Receding gums (gingival recession) refers to a loss of gum tissue resulting in exposure of the roots of the teeth. Gum recession is a common problem in adults over the age of 40, but it may also occur starting from the teens.

Causes

There are several possible causes for gum recession:

  • Aggressive brushing, which causes the enamel at the gum line to be worn away by scrubbing the sides of the teeth in a washboard fashion.
  • Inadequate brushing or flossing, which allows bacteria to build up between the teeth, resulting in enzymes eating the bone away from the teeth.
  • Periodontal disease.
  • Smoking, which affects the mucus membrane lining in one’s mouth and will cause receding gums over time.
  • Thegosis or teeth gnashing, clenching and grinding.
  • Adult orthodontic movement of teeth.
  • Piercings in the lip or tongue that wear away the gum by rubbing against it.

 

Symptoms

Gum recession is not something that happens overnight. In most cases, receding of gums is a progressive phenomenon that happens gradually from day to day over the years. That explains the fact that it is so common over the age of 40. Because the changes in the condition of the gums from one day to another are minimal, we get used to the gums appearance and do not notice the changes over longer periods of time. Receding gums may remain unnoticed until someone else talks to us about it or until the condition starts to cause other problems.

The following signs and symptoms may indicate gum recession:

  • Sensitive teeth – teeth become sensitive to hot and cold or to sweet, sour, or spicy foods. If the cementum covering the root is not protected any more by the gums it is easily abraded exposing the dentin tubules to external stimuli.
  • Teeth may also appear longer than normal (a larger part of the crown is visible if gums are receding).
  • The roots of the tooth are exposed and visible.
  • The tooth feels notched at the gum line
  • Change in the tooth’s colour (due to the colour difference between enamel and cementum).
  • Spaces between teeth seem to grow (actually the space is the same but it seems larger because the gums do not fill it any more).
  • Cavities below the gum line.

If the gum recession is caused by gingivitis, the following symptoms may also be present:

  • Puffy, red, or swollen (inflamed) gums.
  • Gum bleeding while brushing or flossing.
  • Bad breath (halitosis).

In some cases, it is the treatment of gingivitis that reveals a gum recession problem, which was previously masked by the gums swelling.

Treatment

Treatment should start with addressing the problem which caused the gum recession. If overactive brushing is the cause, you should consider purchasing an electric toothbrush or a softer toothbrush and use a more gentle and appropriate brushing technique.

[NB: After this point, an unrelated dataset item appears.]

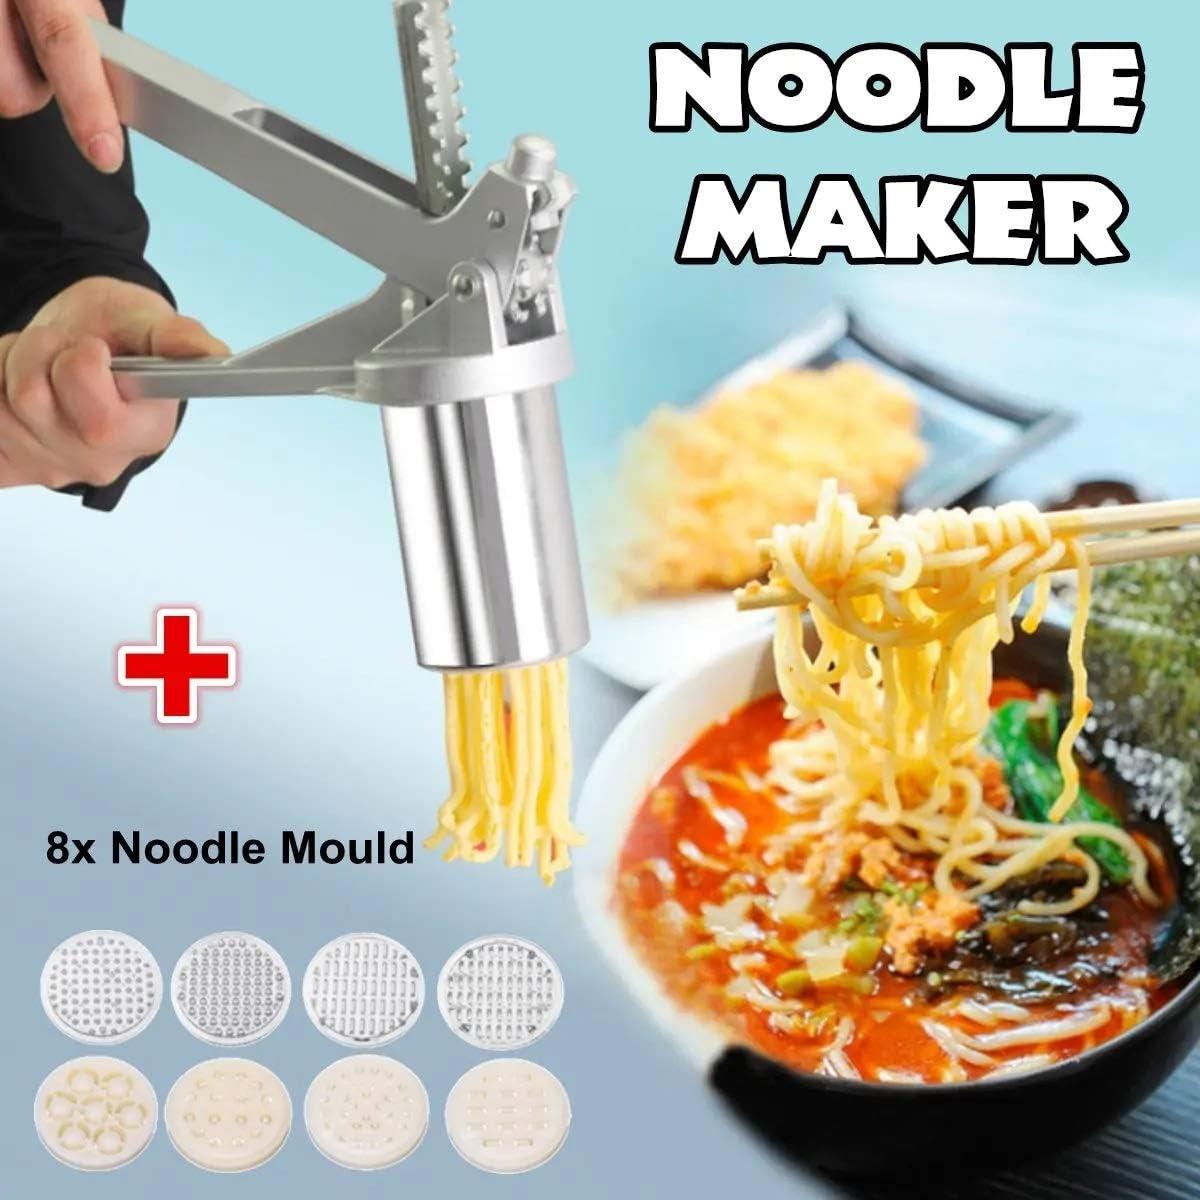 Compra ZDAMN Máquina de Pasta Acero Inoxidable Fabricante de tallarines de Las pastas de Frutas Exprimidor Prensa Espaguetis Robot de Cocina Pasta Cortador (Color : Silver, Size : One Size) en Amazon.es

If poor plaque control was a contributing factor, improved oral hygiene must be performed, combined with regular professional dental cleanings (prophylaxis).
If a more severe calcified form of plaque accumulation called calculus (tartar) was the cause, then a procedure called scaling and root planing will be necessary to clean the teeth and heal inflammation in the gingivae (gums).

If malocclusion (incorrect bite) was a factor a bite splint may be recommended. Our dental hygienists are fully qualified to manage (assess, plan, and treat) the situation that is specific to you.